CAPE CANAVERAL,
Fla. - When NASA's shuttle
Atlantis launches toward the International Space
Station (ISS) Sunday, it will kick off an intricate series of missions that
will--with each flight--leave the orbital laboratory closer to completion.
Atlantis'
six-astronaut crew are set
to launch spaceward at 4:30 p.m. EDT (2030 GMT) on Aug. 27 on NASA's STS-115
mission to deliver two new
solar wings and a massive pair of trusses to build up the station's port
side. The spaceflight is NASA's first major ISS construction mission since the 2003 Columbia accident.
"It's a
good feeling to be back in the space station assembly business," Paul Hill,
NASA's shuttle mission operations manager, told SPACE.com.
With a
frenetic schedule, new equipment, two back-to-back spacewalks
that must go as planned to deploy the new solar panels, and one final
extravehicular activity (EVA), the STS-115 mission has been touted as one of
NASA's most challenging to date. But in fact, it's just an appetizer.
"So it's
kind of a mixed feeling," Hill said. "It's really exciting to be getting back
into the construction business, but we're going back into that construction
business on the hardest things we've ever done."
Hill said NASA's
planned shuttle
flights, particularly those over the next 18 months, will be a marathon of
the most complex maneuvers ever conducted in space. While the agency and its
partners have performed many of the necessary tasks individually, future ISS construction
strings those actions together and requires a whole lot more of them, he added.
"The
assembly of the station on these flights has no parallel in space history,"

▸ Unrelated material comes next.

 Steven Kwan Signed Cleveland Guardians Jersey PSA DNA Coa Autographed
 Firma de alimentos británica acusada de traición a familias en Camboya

Michael Sufferdini, NASA's ISS program manager. "It's like building a ship in
the middle of the ocean from the keel up."
Physically,
the space station is only 50
percent complete and contains only 40 percent of the pressurized volume--which
includes crew living and work space--it will have once NASA's planned
construction plan is fulfilled by 2010.
NASA plans
at least 15 more shuttle flights to complete the $100 billion space station
before retiring its three remaining orbiters. Once finished, the ISS will span
more than 300 feet (91 meters) with enough living space to rival a five-bedroom
home and support crews of up to seven astronauts, Hill said.
"We'll go
from a space station that's been a marvel in orbit, but only had a reasonably
small capability to do science, to a much larger space station that takes a
much lower effort to keep...going," Hill added.
Meticulously
choreographed spacewalks are planned not only for shuttle astronauts during ISS
construction flights, but also for station crews as well to ready the outpost
for each subsequent alteration.
Among the
drastic changes in appearance is next summer's planned move of the station's
Port 6 (P6) truss, which currently sprouts from the outpost's center with two
solar arrays at the end, to the tip of the segments to launch aboard Atlantis.
Cooling
systems must also be activated, and new trusses, solar arrays and two new
laboratories--Europe's Columbus module
and Japan's Kibo
segment, which carries the largest pressurized volume of any ISS component--still
wait here to be launched from NASA's Kennedy Space Center.
Launching
the international components and fulfilling NASA's obligations to its partner
nations in the ISS project, are critical not just to complete the ISS, but also
to reach beyond low-Earth orbit, NASA said.
"In my
mind, this world will not explore unless we go together," Sufferdini said.